A-6573-05T3 (N.J. Super. App. Div. 2007) (Unpublished)

CORPORATIONS; SHAREHOLDERS — Where shareholders have agreed not to sue each other for anything that may have taken place prior to their agreement, even seeking an accounting or damages years later may be barred by that agreement to the extent that such action, or any testimony in such action, might be based on alleged misconduct prior to the settlement.
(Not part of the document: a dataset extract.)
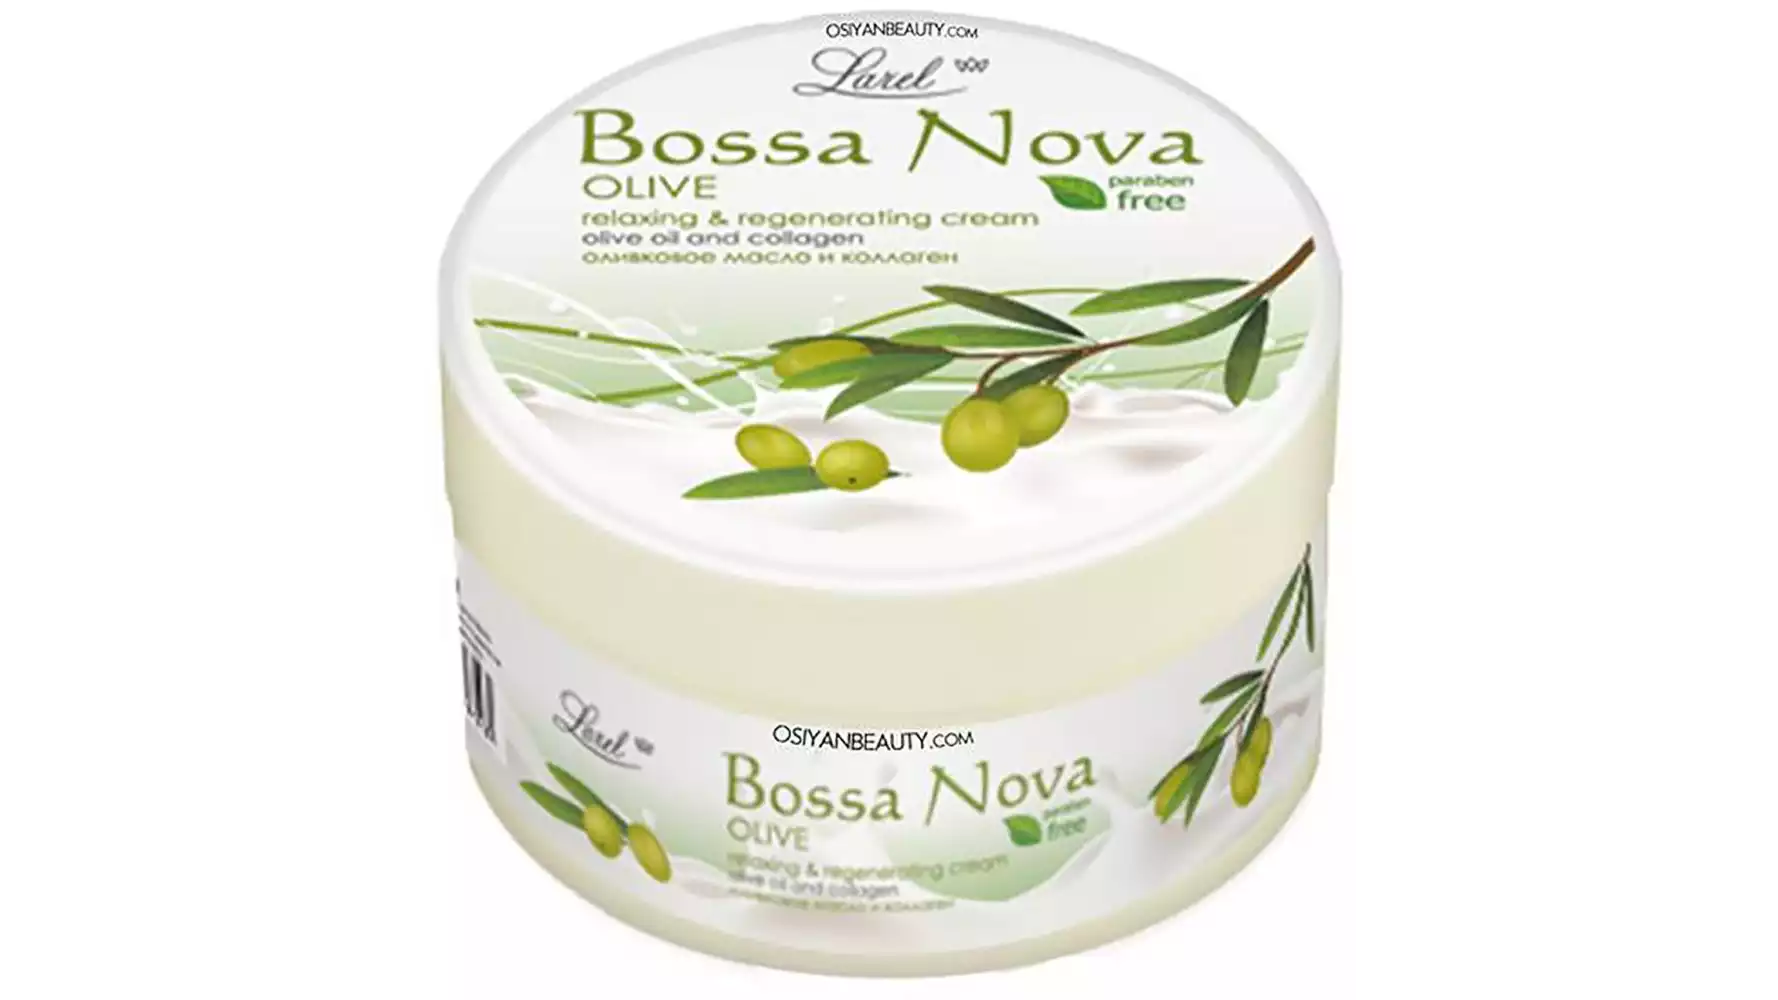 Larel Bossa Nova Cream Olive Oil And Collagen(Made In Europe) (200ml)

A shareholder sued his brother and sister, alleging corporate misconduct in their family owned business. The three siblings each held a one-third share of the business. The following year, the shareholder’s wife brought a personal injury action against her brother-in-law for an alleged assault. The shareholder and his brother subsequently settled the two matters. The shareholder’s brother agreed to pay his brother’s wife forty thousand dollars each year for fourteen years. According to the settlement, the originally suing shareholder, or any beneficial owner of his shares, was to abstain from bringing any actions against the other two shareholders or their company. The settlement contained a discharge notice which released the shareholder’s brother from having to continue the payments to his sister-in-law if such an action were brought. Roughly eight years later, the shareholder again sued his brother, sister, and the corporation, seeking injunctive relief as well as an accounting and damages. In a subsequent action brought by the shareholder’s wife against her brother-in-law, the lower court found that the action commenced by the shareholder, who had since passed away, violated the settlement and that the obligation for the shareholder’s brother to continue making payments to his sister-in-law was no longer in effect. The lower court interpreted the agreement, in part, to preclude any actions or testimony against the shareholder’s brother based on any alleged misconduct that had occurred prior to the execution of the settlement and noted that the shareholder’s suit against his brother included such allegations

On appeal, the Court rejected the shareholder’s wife’s argument that her husband’s most recent dispute with his siblings was not technically an action or a lawsuit. The Court also rejected the shareholder’s wife’s argument that she did not possess the kind of interest in her deceased husband’s shares that was specified by the settlement. In doing so, the Court pointed to the deceased shareholder’s wife’s pre-trial stipulation in which she had acknowledged her interest in her husband’s shareholdings. The Court refused to consider her argument that the discharge clause was flawed because it was never raised at trial. The shareholder’s wife additionally argued that the settlement only applied to claims for damages, but not for injunctive relief. The Court rejected her argument and found that no such differentiation existed in the settlement. As a result, all of the lower court’s findings were affirmed.